ABOUT THIS TASK: No line before the one holding "Ancestry DNA test kit 60% off @ Amazon - $39" is to be copied; that line and all after it, through the end of the listing, are returned exactly, minus pictures.

GIVEN MATERIAL:
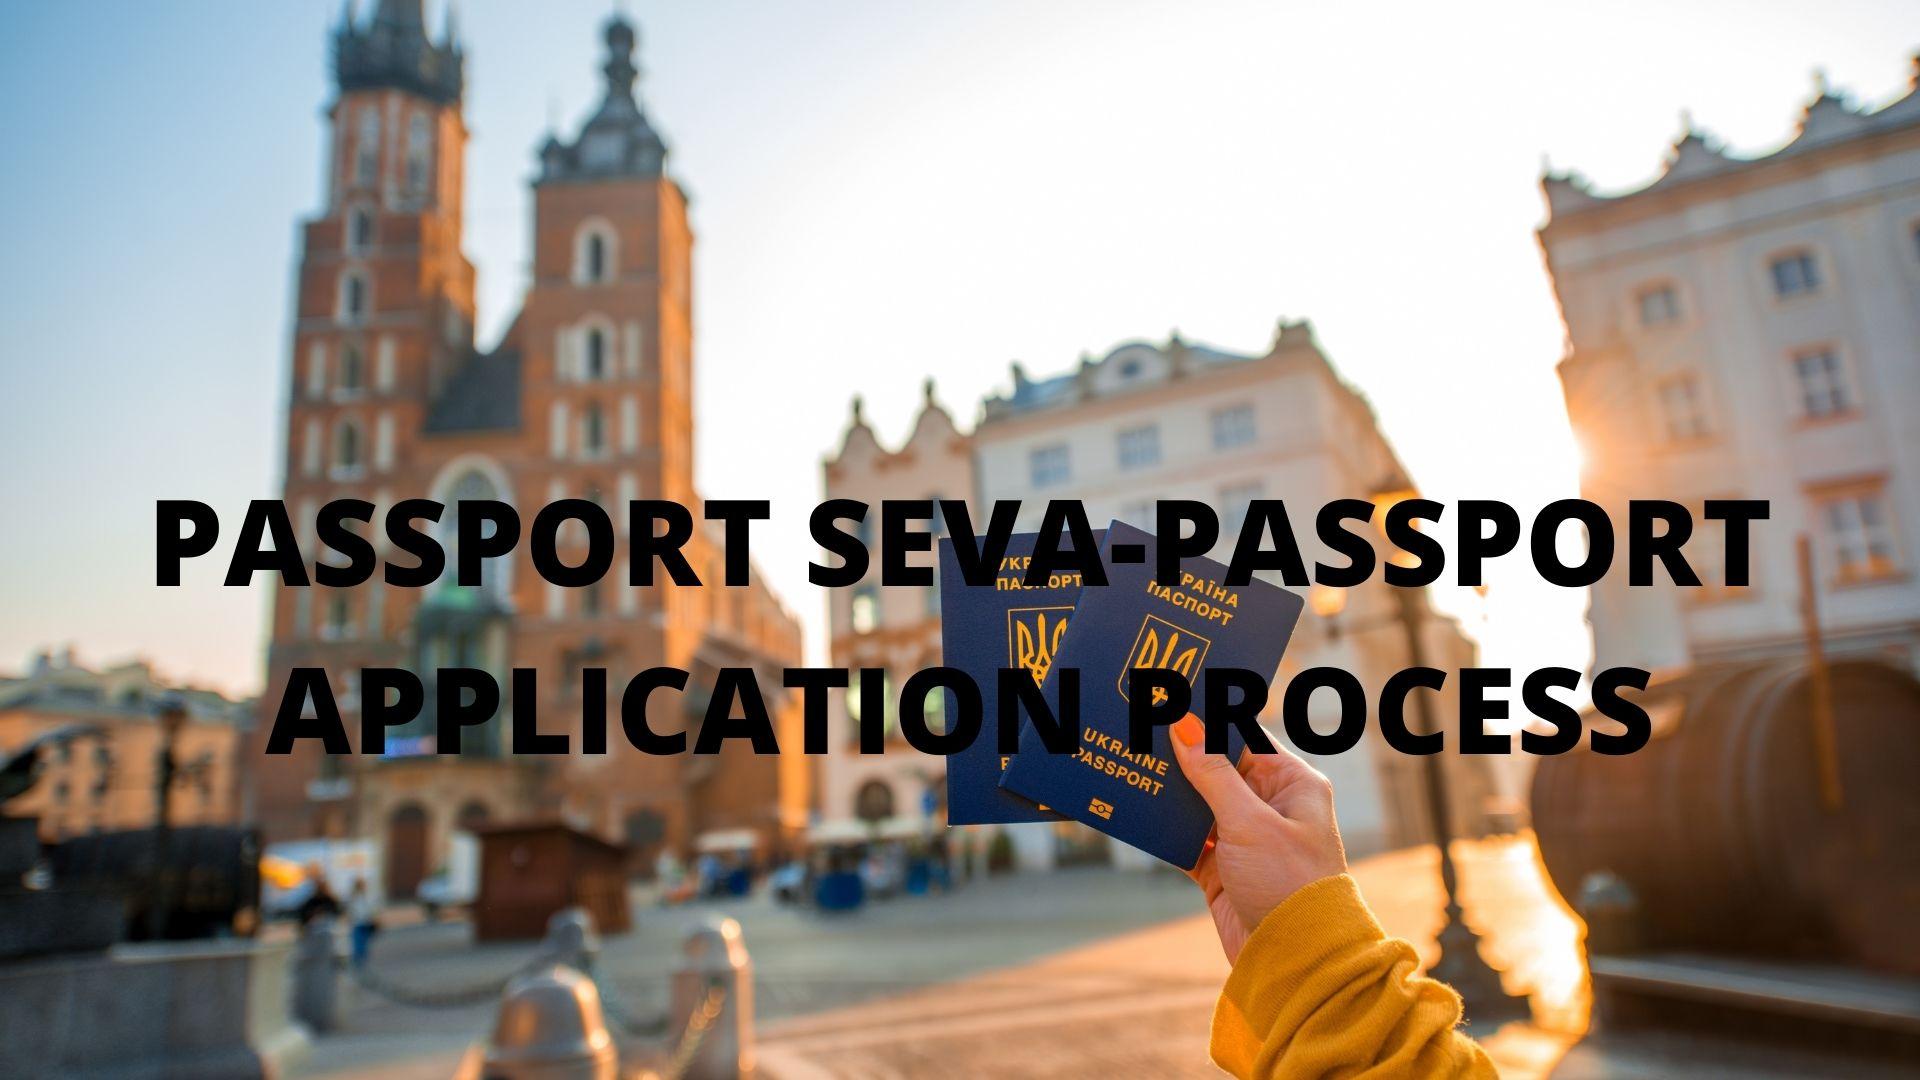 PASSPORT SEVA PASSPORT APPLICATION PROCESS
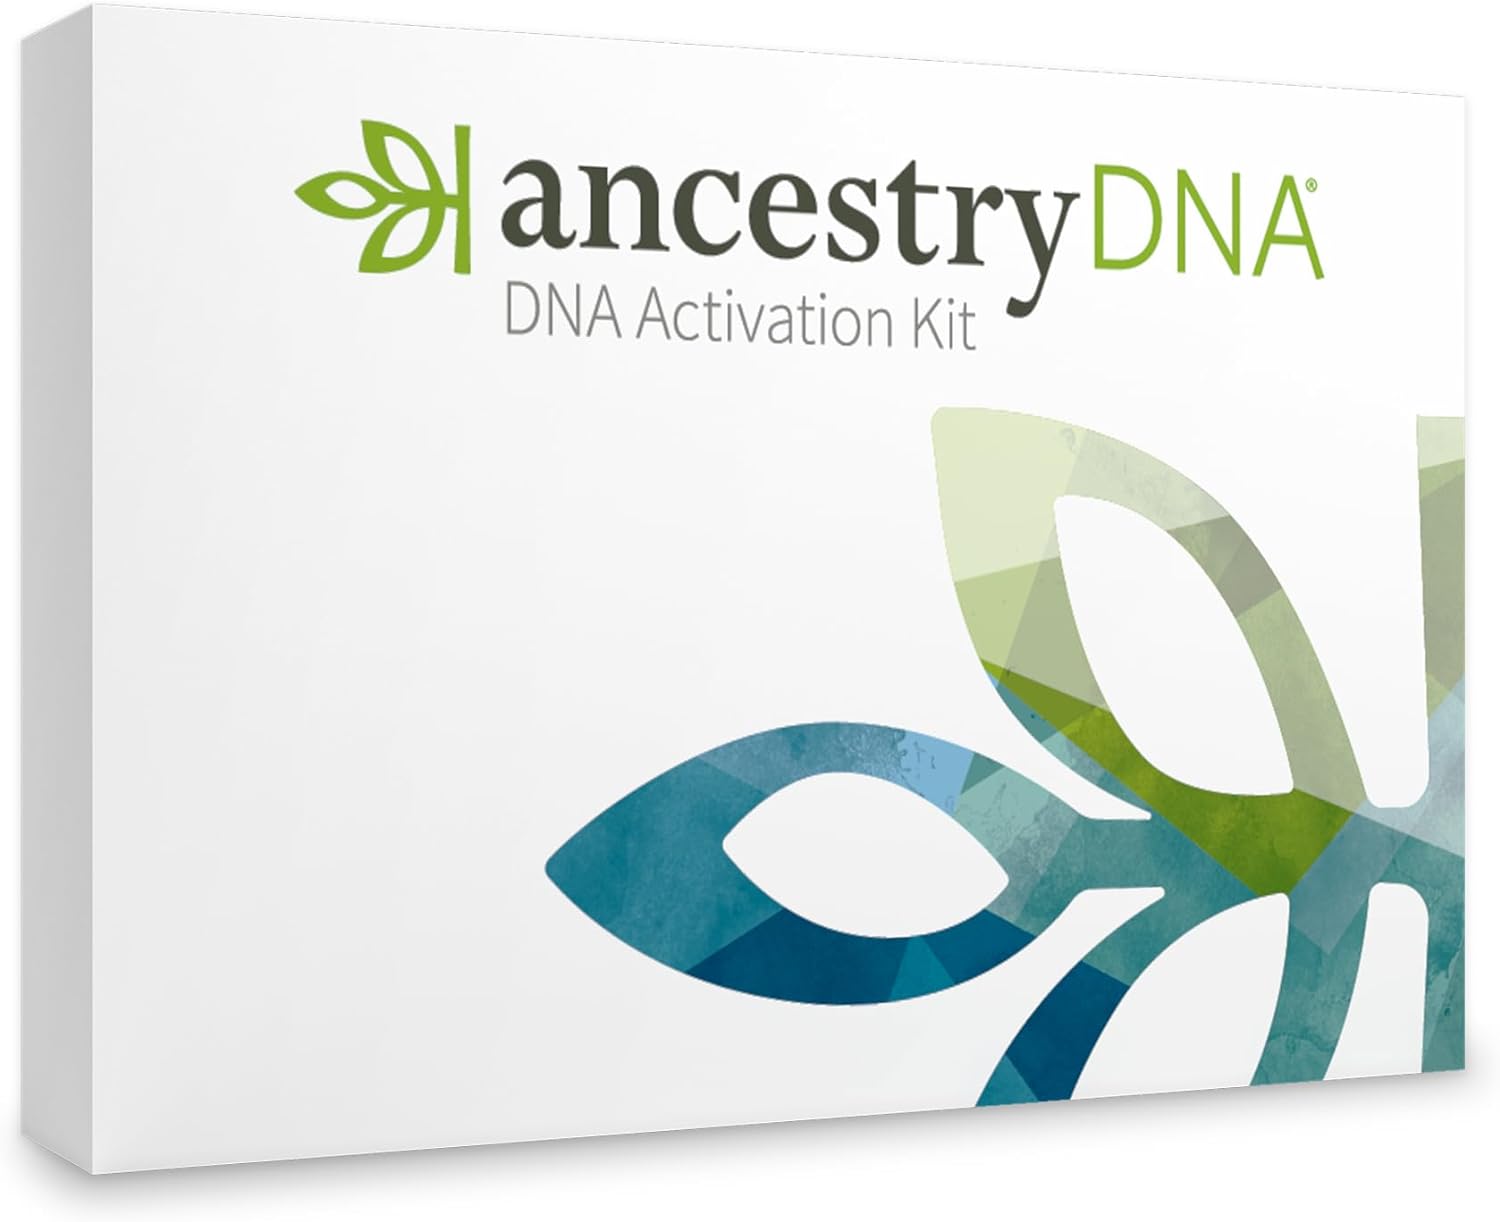 Ancestry DNA test kit 60% off @ Amazon - $39
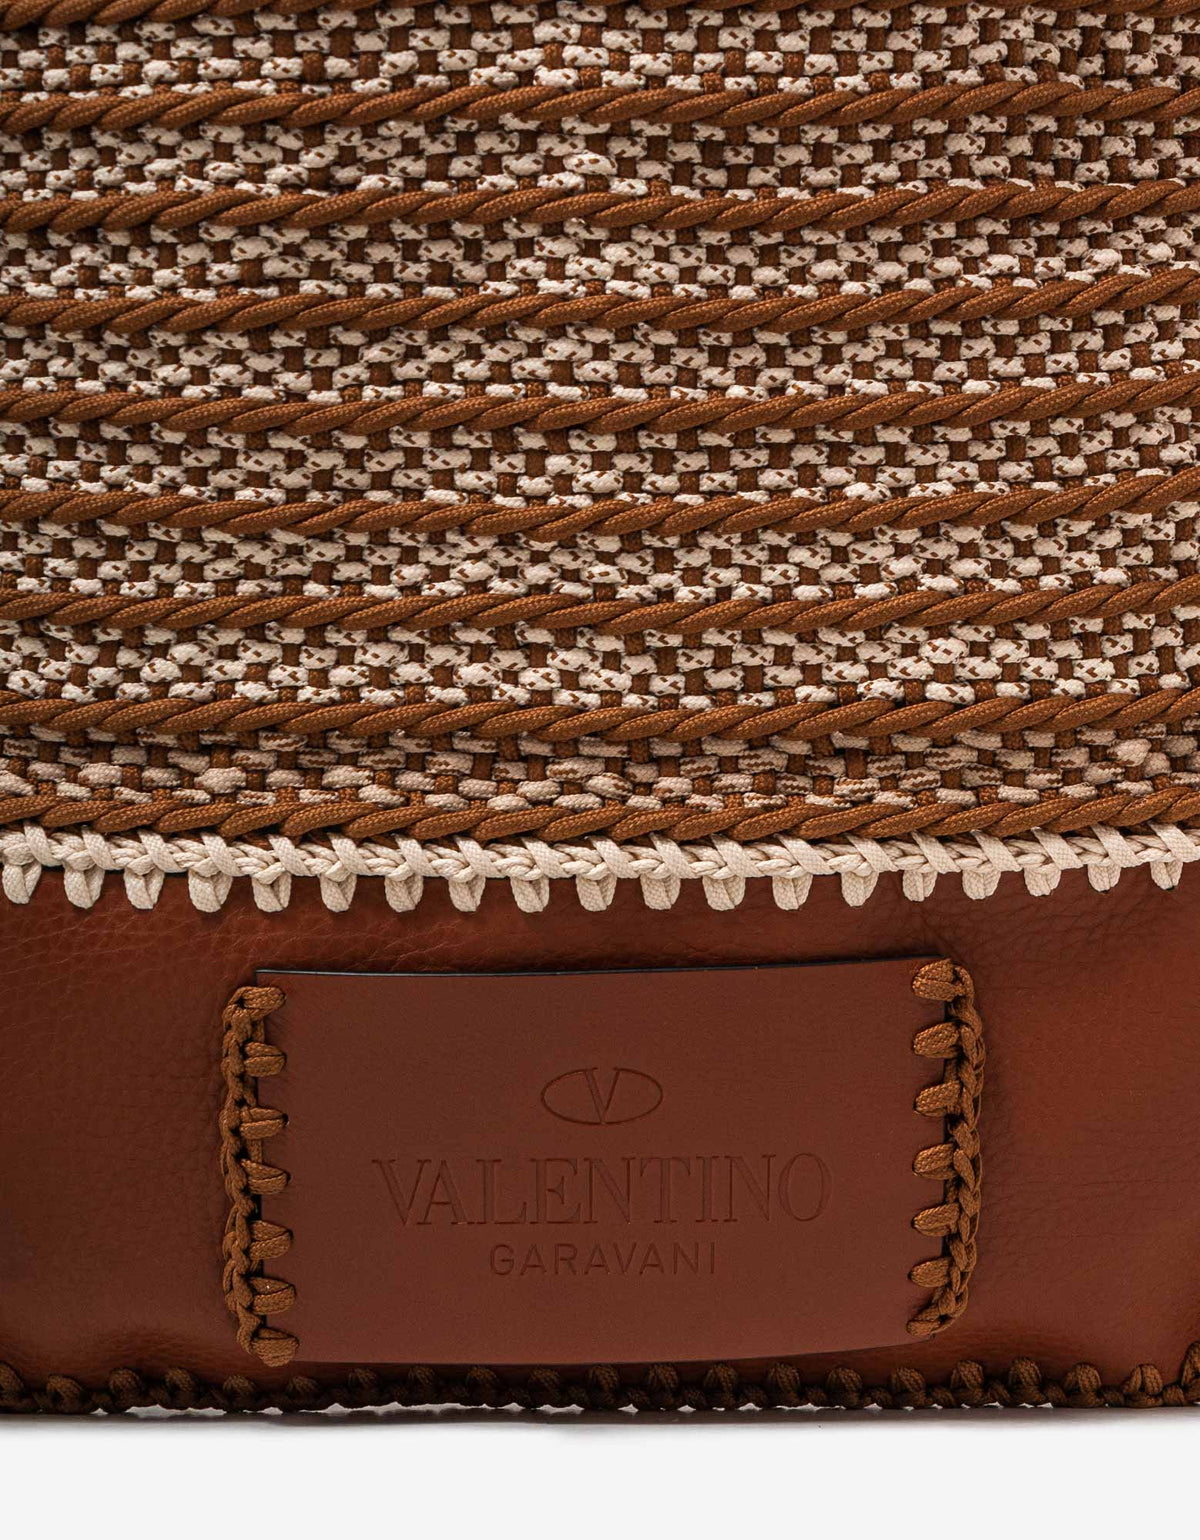 Valentino Garavani Brown Leather and Crochet Tote Bag

SOLUTION TO THIS PROBLEM:
 Ancestry DNA test kit 60% off @ Amazon - $39
 Valentino Garavani Brown Leather and Crochet Tote Bag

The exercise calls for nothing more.